The so-called Government Pension Fund Global, one of the world's largest investors, said it had a value of 18.870 trillion kroner at the end of September.
The fund's overall return for the quarter was 4.4%, which was 0.1 percentage points lower than the return of a benchmark index set by Norway's Finance Ministry. The benchmark index against which the fund measures itself is based on the FTSE Global All Cap index for equities and Bloomberg Barclays indexes for fixed income.
Trond Grande, deputy CEO of Norges Bank Investment Management (NBIM), which manages the world's largest sovereign wealth fund, said recent changes in monetary policy had "a pretty significant impact" on the fund's third-quarter results.
"It's been quite an eventful quarter if you think about it. It started with a lot of volatility throughout summer in July and into August and then you had the speculation of a soft landing and whether the Fed would cut," Grande told CNBC's Silvia Amaro on Tuesday.
"What I think you have seen from our numbers is that with a rising tide, all boats rise, right? And so, you saw a very broad increase in the stock market based on lower interest rates, essentially."

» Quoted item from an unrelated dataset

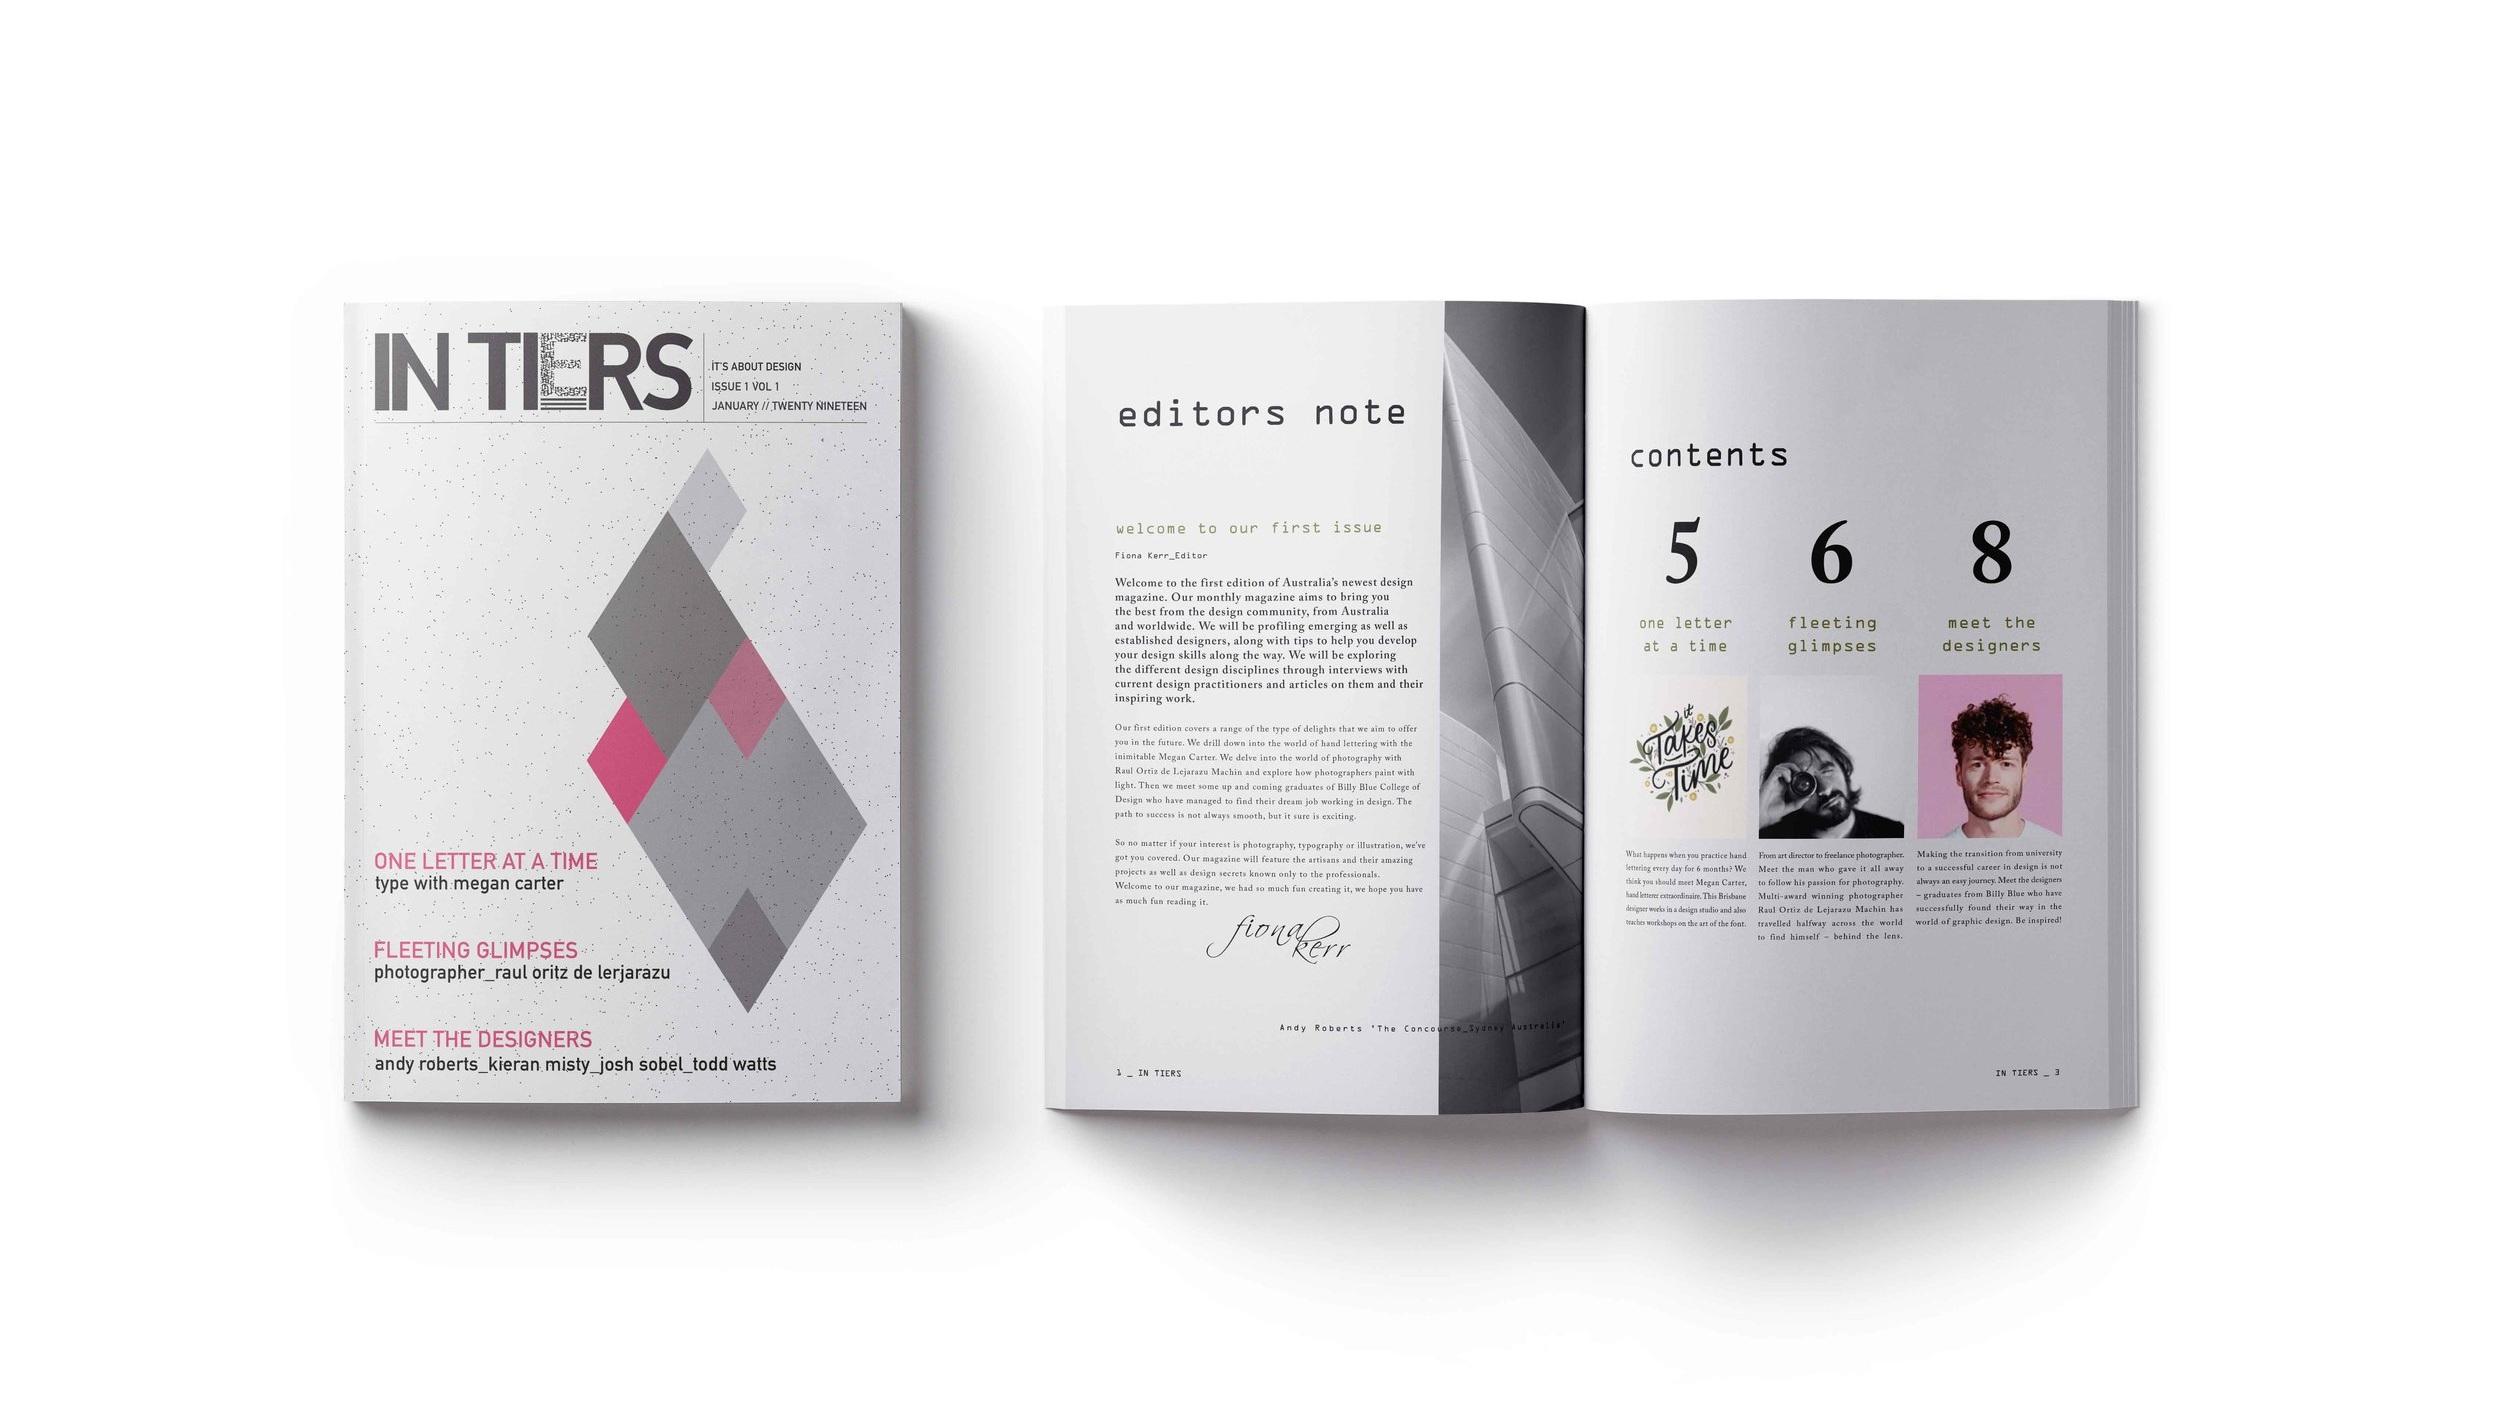 intiers-2.jpg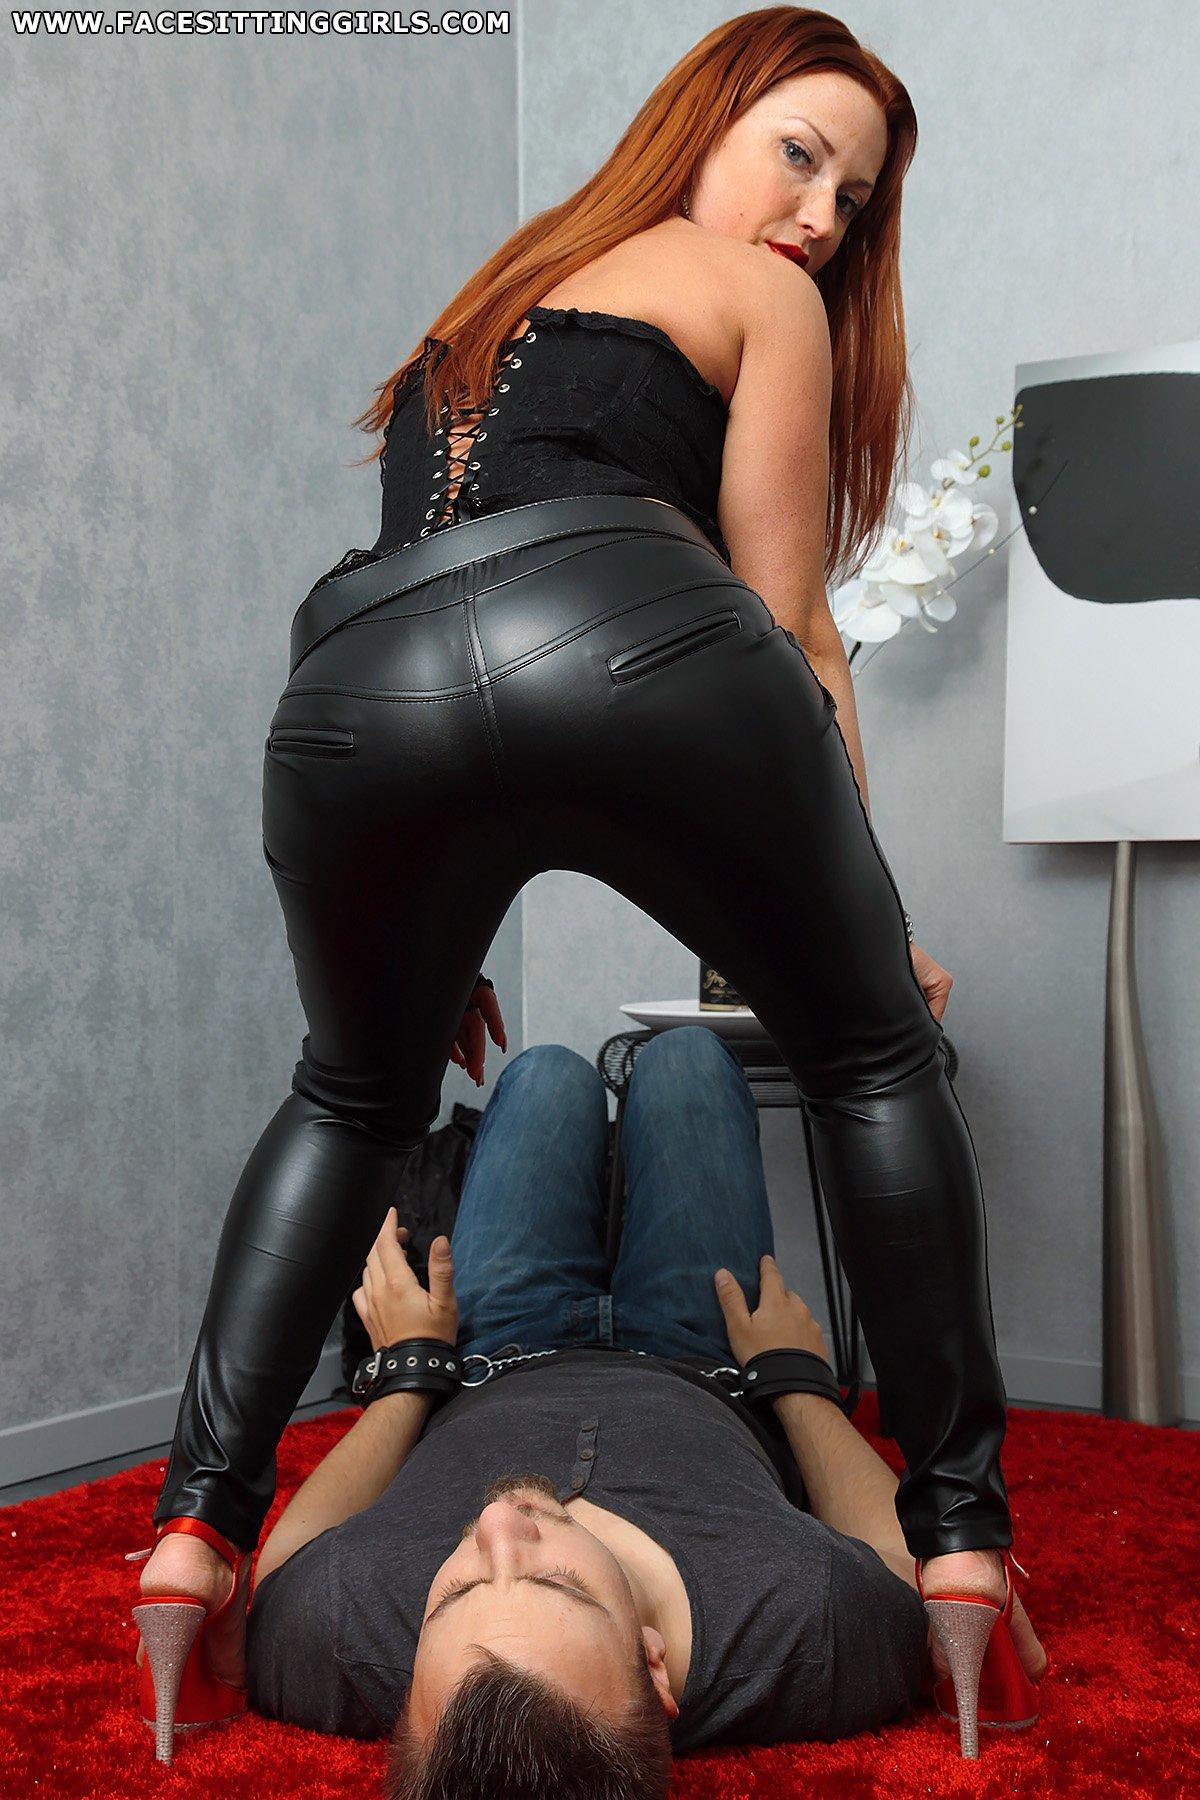 from Dayton women in leather pants xxx

The results come shortly after NBIM warned that elevated uncertainty and a "completely different geopolitical situation" meant there were now more risks to global stocks.
Equities, which accounted for 71.4% of the fund in the third quarter, notched a return of 4.5%. The return on the fixed-income investments, which account for 26.8% of the fund's assets, stood at 4.2% over the period.